Content starts

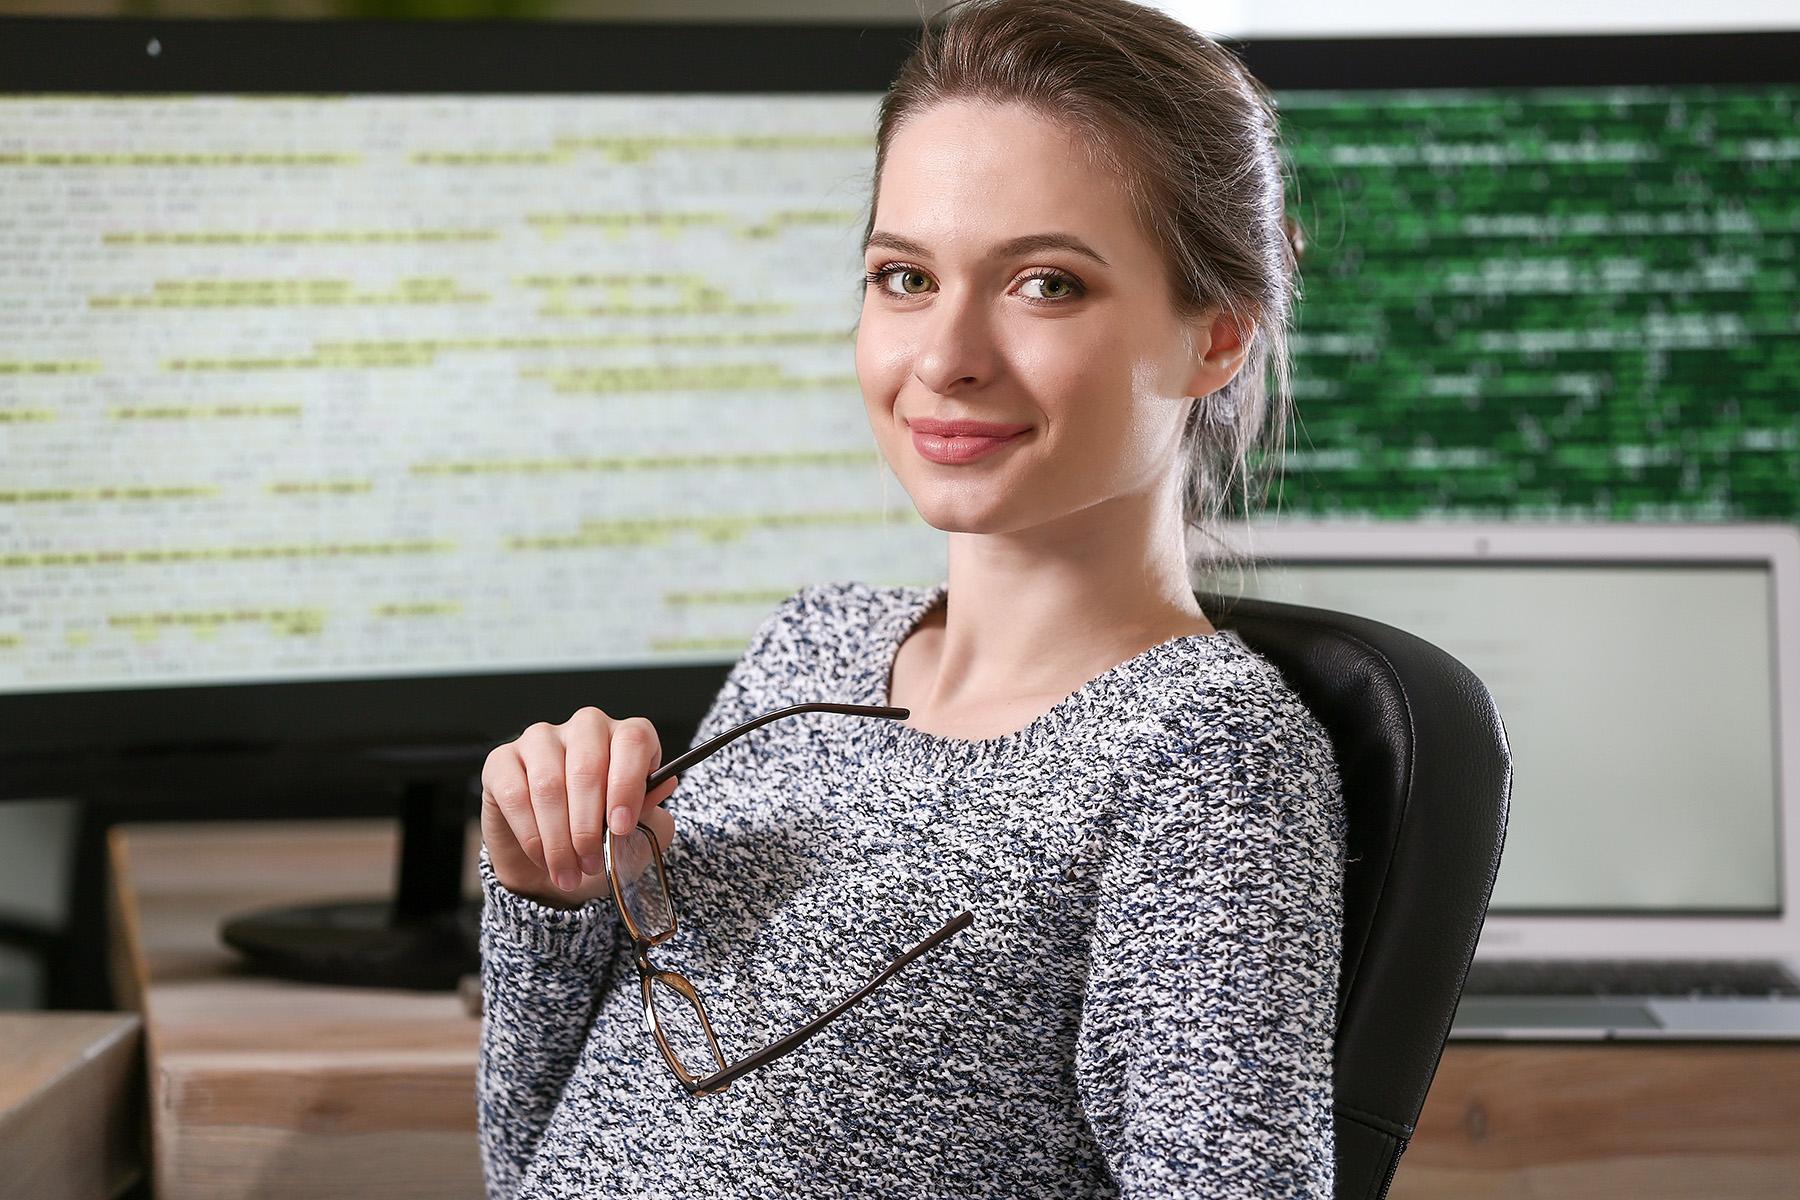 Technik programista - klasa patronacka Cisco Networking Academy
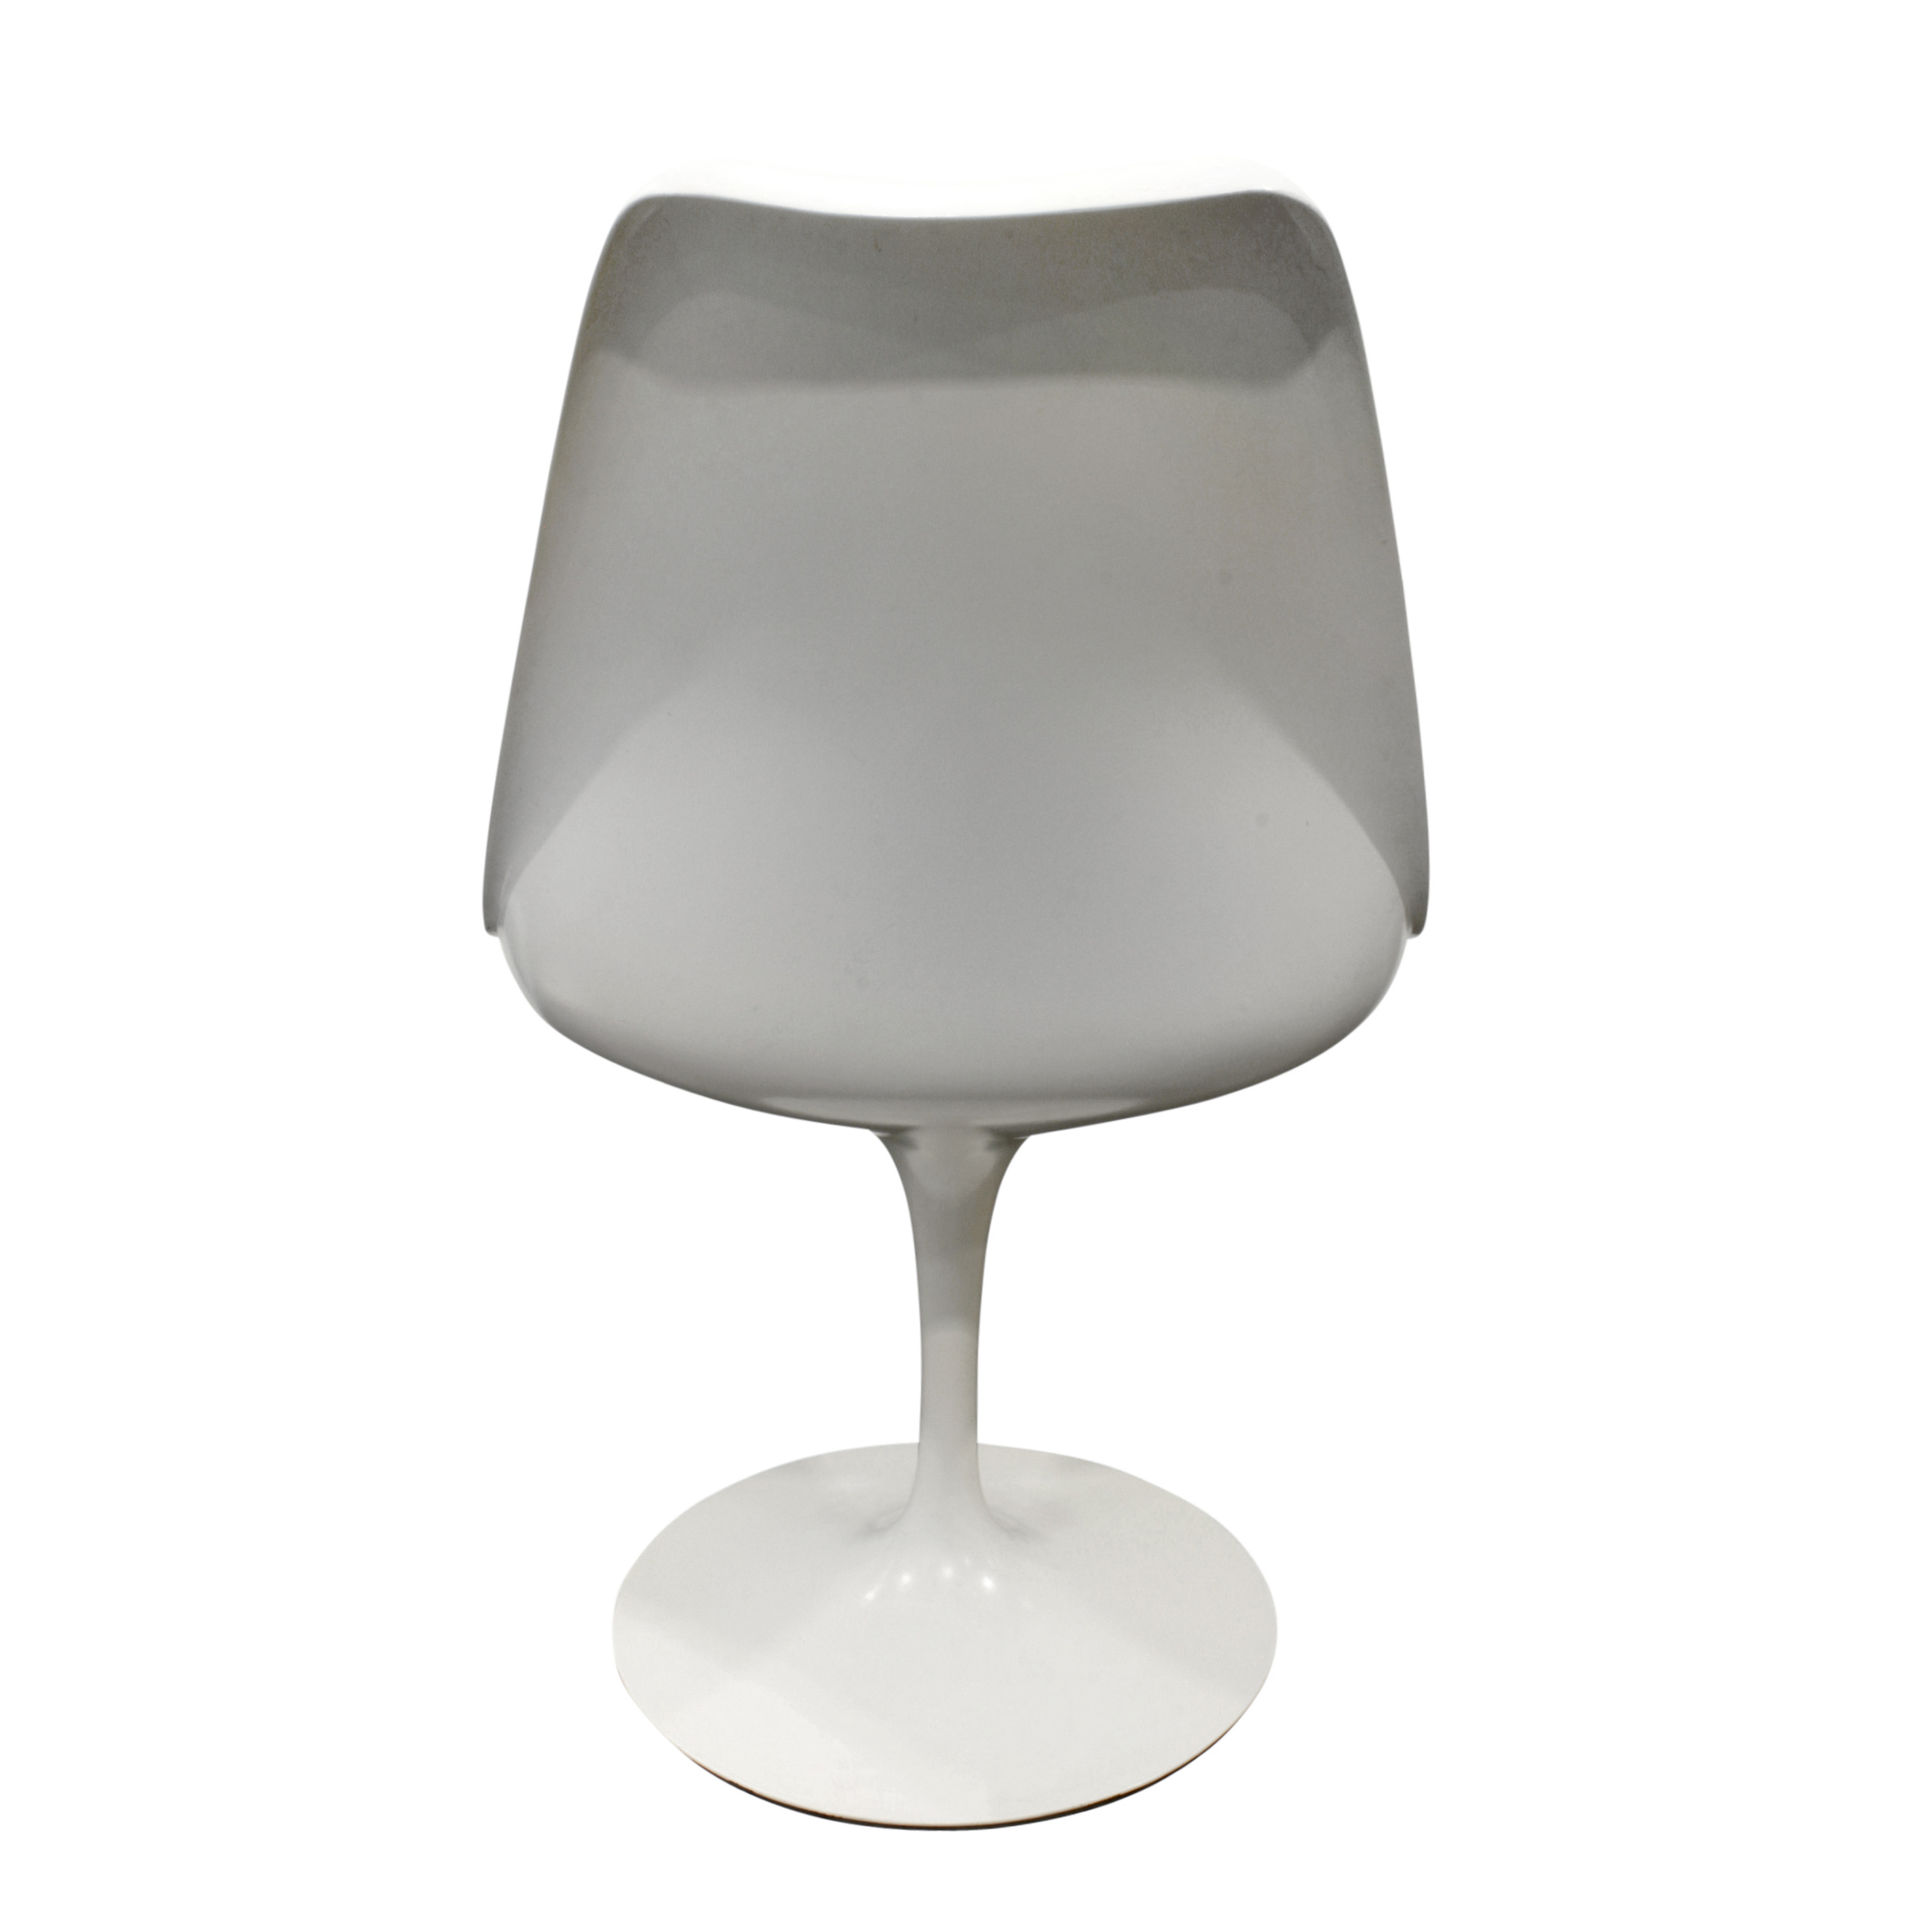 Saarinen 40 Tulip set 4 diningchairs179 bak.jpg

Content ends
Content starts

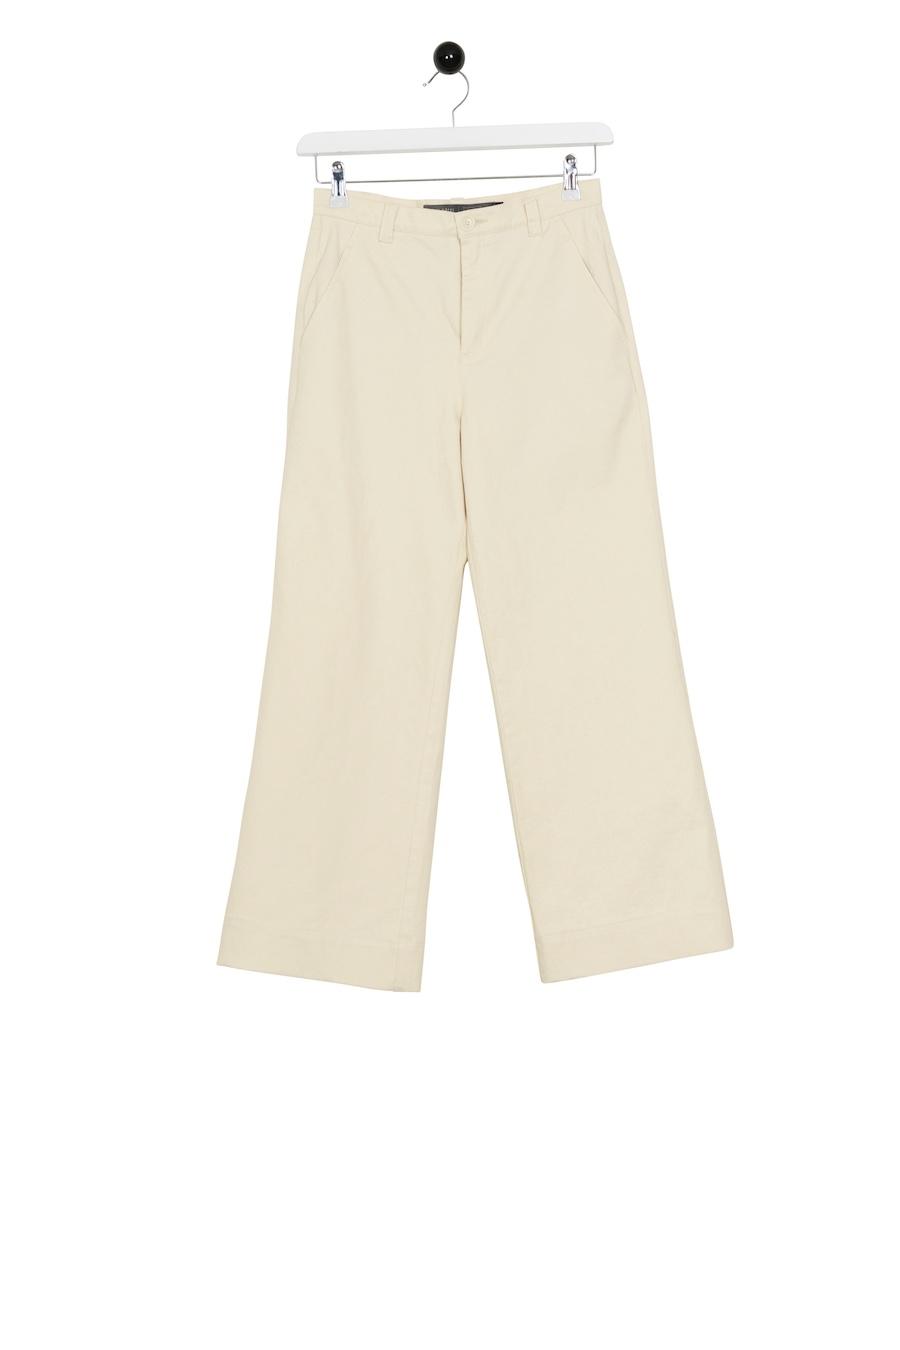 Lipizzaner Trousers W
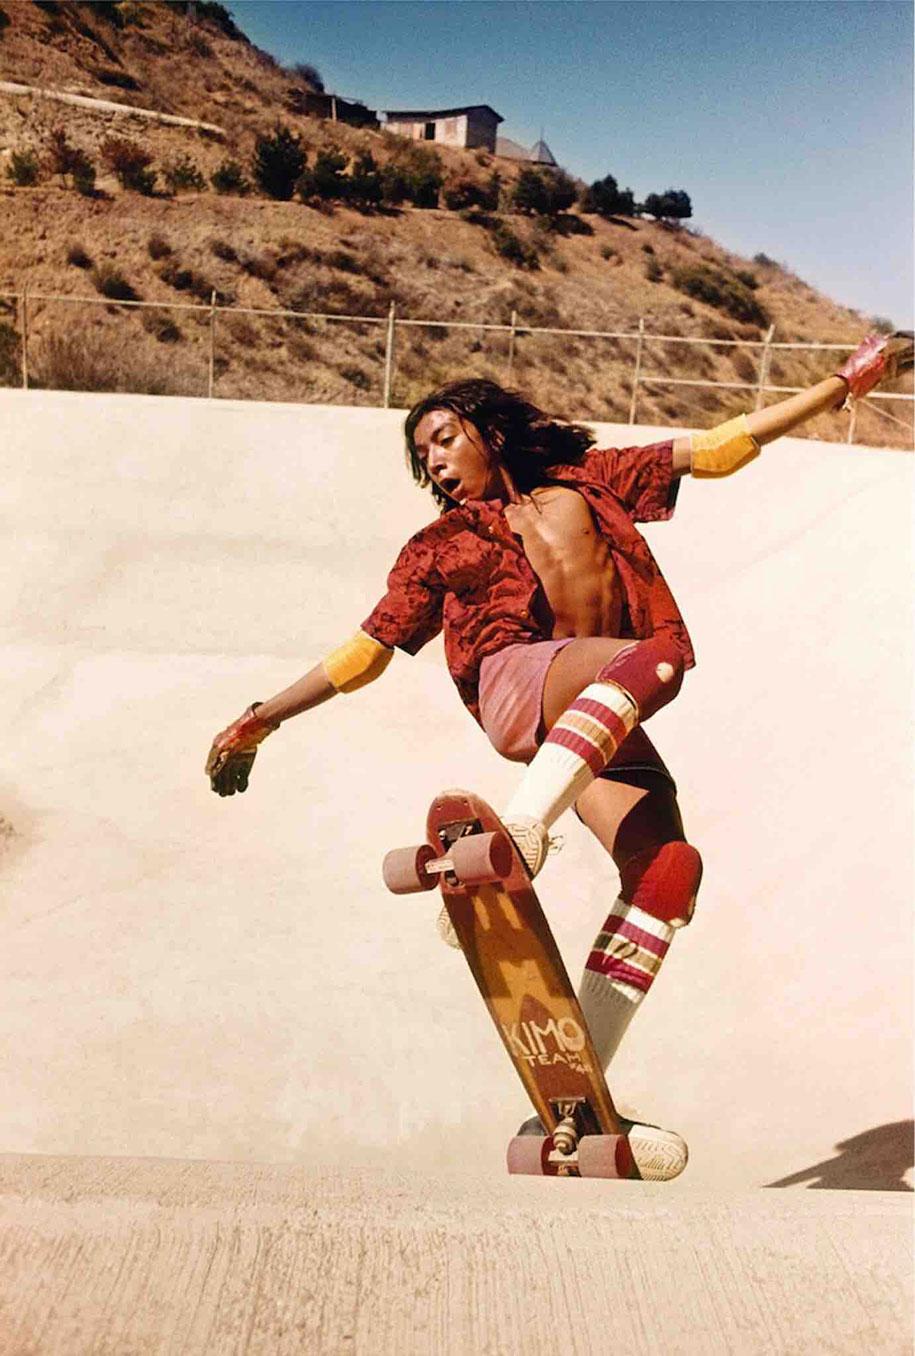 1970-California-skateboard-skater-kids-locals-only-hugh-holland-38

Content ends
Content starts

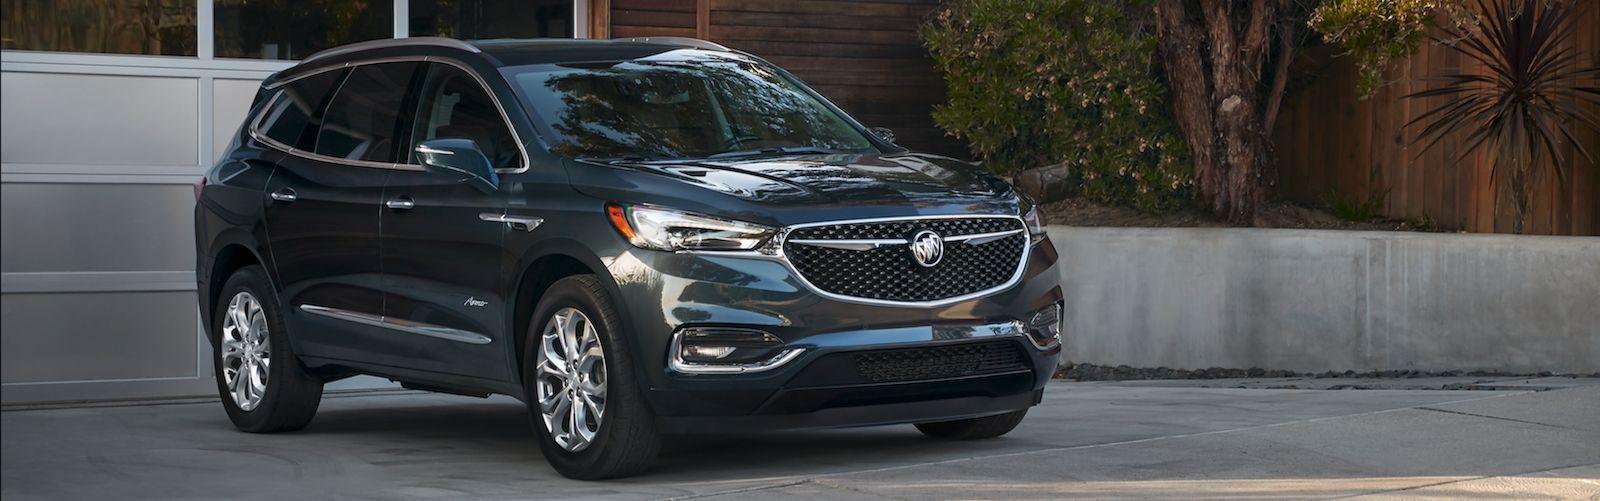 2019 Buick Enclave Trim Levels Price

Content ends

*What is being asked*:
Take the lines above starting at the one containing "Technik programista - klasa" and ending at the one containing "Saarinen 40 Tulip", and print them again exactly, without pictures.

*Answer area*:
 Technik programista - klasa patronacka Cisco Networking Academy
 Saarinen 40 Tulip set 4 diningchairs179 bak.jpg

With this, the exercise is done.